Geraldo José dos Santos: O professor de São João del-Rei
Por Geovane Carvalho

10 horas da manhã. A chamada que a cidade conhecia, a voz retumbante, dessas que têm um toque que rasga, ao mesmo tempo que não deixa passar despercebida. A voz do rádio. Voltando um pouco antes… 09h50. A correria e o desespero pra colocar no ar o programa que muita gente espera. Desço as escadas correndo e faço a mesma pergunta de sempre na recepção: chegou? Não. Não por motivos de descaso com o compromisso, é que tinha alguma história sendo contada nas ruas por alguém que o abordou. Mas vale a pena.
Vale o atraso, pois ao chegar, todos se alegram, ainda que o desespero ronde o ambiente. O Amado estava lá segurando a audiência com o que dava… comerciais, anúncios de contratantes, a vinheta inesquecível. Mas tudo dava certo. Valia o atraso, afinal de contas. Aliás, minutos não faziam diferença pelo tamanho daquele jornal. Duração que poucos sustentariam como ele sustentava, faltando ou não assunto.
O tempo é uma coisa que não sei se ele percebeu da forma que olho agora. Mas acredito que sim, ele tinha um olhar manso, alegre, mas que não escapava nada.

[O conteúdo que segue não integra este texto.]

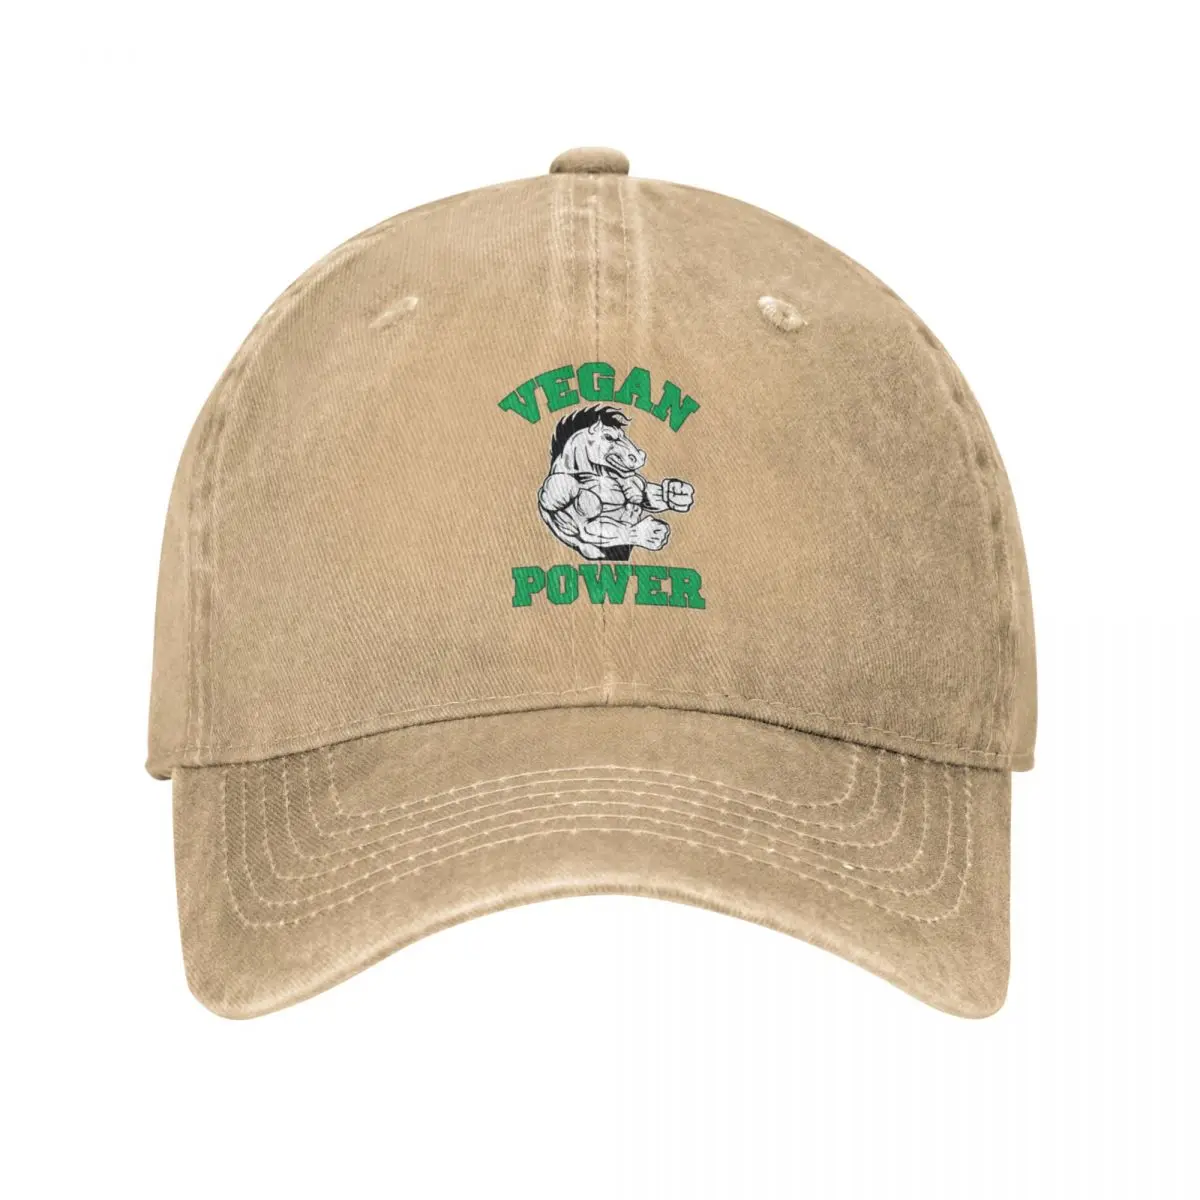 

Vegan Power Horse Vegan Lifestyle Cap Cowboy Hat Cap hat sun hat men's cap Women's

Ele viu muita gente passando ali e em outros lugares, que aprenderam e sorriam com ele. Era impossível não sorrir ao seu lado. Ele não tinha pretensão nenhuma, era daquelas pessoas que não sabemos se têm a dimensão de sua imensidão, mesmo quando alertadas.
Ele resolvia tudo com um telefonema. Suas demandas eram solicitadas carinhosamente com um papel rasgado de uma folha e rabiscado. Isso depois de muita conversa, sem ir direto ao ponto. Ele não ia direto ao ponto, pois sabia que o meio do caminho, a prosa, era o que fazia dar certo. Mal seguia uma pauta de entrevista. Na maioria das vezes perguntava o que sentia, e o que sentia era aquilo que queríamos saber e não tínhamos ideia.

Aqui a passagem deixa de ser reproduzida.